Ce qui se passe réellement
Emma est affectée dans une petite école primaire de Charente-Maritime, où elle enseigne à une classe CP-CE1 de 21 élèves. Elle travaille quatre jours par semaine, de 8 h 30 à 16 h 30, mais elle ne se contente pas de ces horaires. Elle consacre deux à trois heures par jour à la préparation de ses cours et à la correction des devoirs. Pendant les vacances, elle ne déconnecte pas vraiment, travaillant environ une heure par jour. Un vrai rêve, n’est-ce pas ?
« C’est un salaire très bas au regard du niveau de diplôme et de l’investissement personnel que ça suppose, » déclare-t-elle.
Pourquoi cela dérange
Il est fascinant de constater que, dans un pays qui se vante de son système éducatif, les enseignants doivent jongler entre leur passion et un salaire qui frôle l’indécence. Alors que les promesses politiques fleurissent comme des fleurs au printemps, la réalité est tout autre. Les enseignants sont souvent laissés pour compte, et ce, malgré leur rôle crucial dans la société.
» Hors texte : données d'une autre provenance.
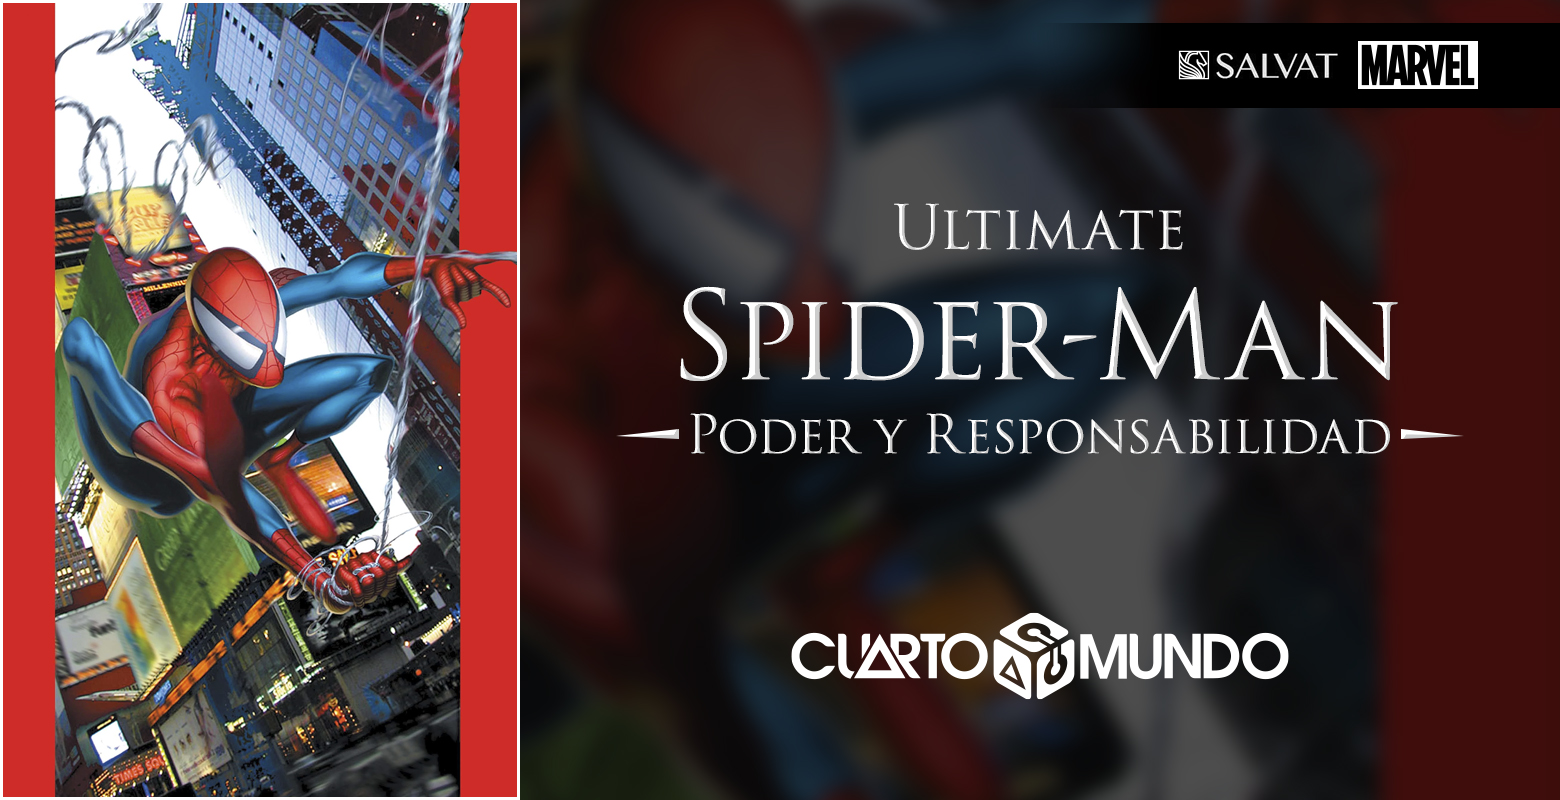 Marvel Salvat - Ultimate Spider-Man: Poder y Responsabilidad • Cuarto Mundo

Ce que cela implique concrètement
Emma, comme de nombreux enseignants, doit composer avec un budget serré. Elle ne touche ni indemnité de résidence ni supplément familial. En fin de compte, elle doit faire preuve de patience pour espérer voir son salaire évoluer au fil des années, atteignant environ 1 800 euros nets au bout de trois ans. Une belle promesse, n’est-ce pas ?
Lecture satirique
Les discours politiques sur l’éducation sont souvent déconnectés de la réalité. Les promesses de revalorisation des salaires des enseignants se heurtent à une réalité bien plus sombre. Pendant ce temps, les gouvernements continuent de déverser des fonds dans des projets douteux, laissant les enseignants se débrouiller avec des miettes. Ironiquement, ces mêmes gouvernants se présentent comme les champions de l’éducation.
Effet miroir international
Si l’on regarde au-delà de nos frontières, on constate que les dérives autoritaires et les politiques ultraconservatrices, comme celles observées aux États-Unis ou en Russie, partagent un point commun : la dévalorisation de l’éducation et des enseignants. Dans ces pays, les enseignants sont souvent sous-payés et sous-estimés, tout en étant censés être les piliers d’une société en pleine mutation. Un parallèle troublant, n’est-ce pas ?
À quoi s’attendre
Si les tendances actuelles se poursuivent, il est probable qu’Emma et ses collègues continueront à se battre pour des conditions de travail décentes et un salaire juste. Les promesses politiques risquent de rester lettre morte, laissant les enseignants dans l’incertitude.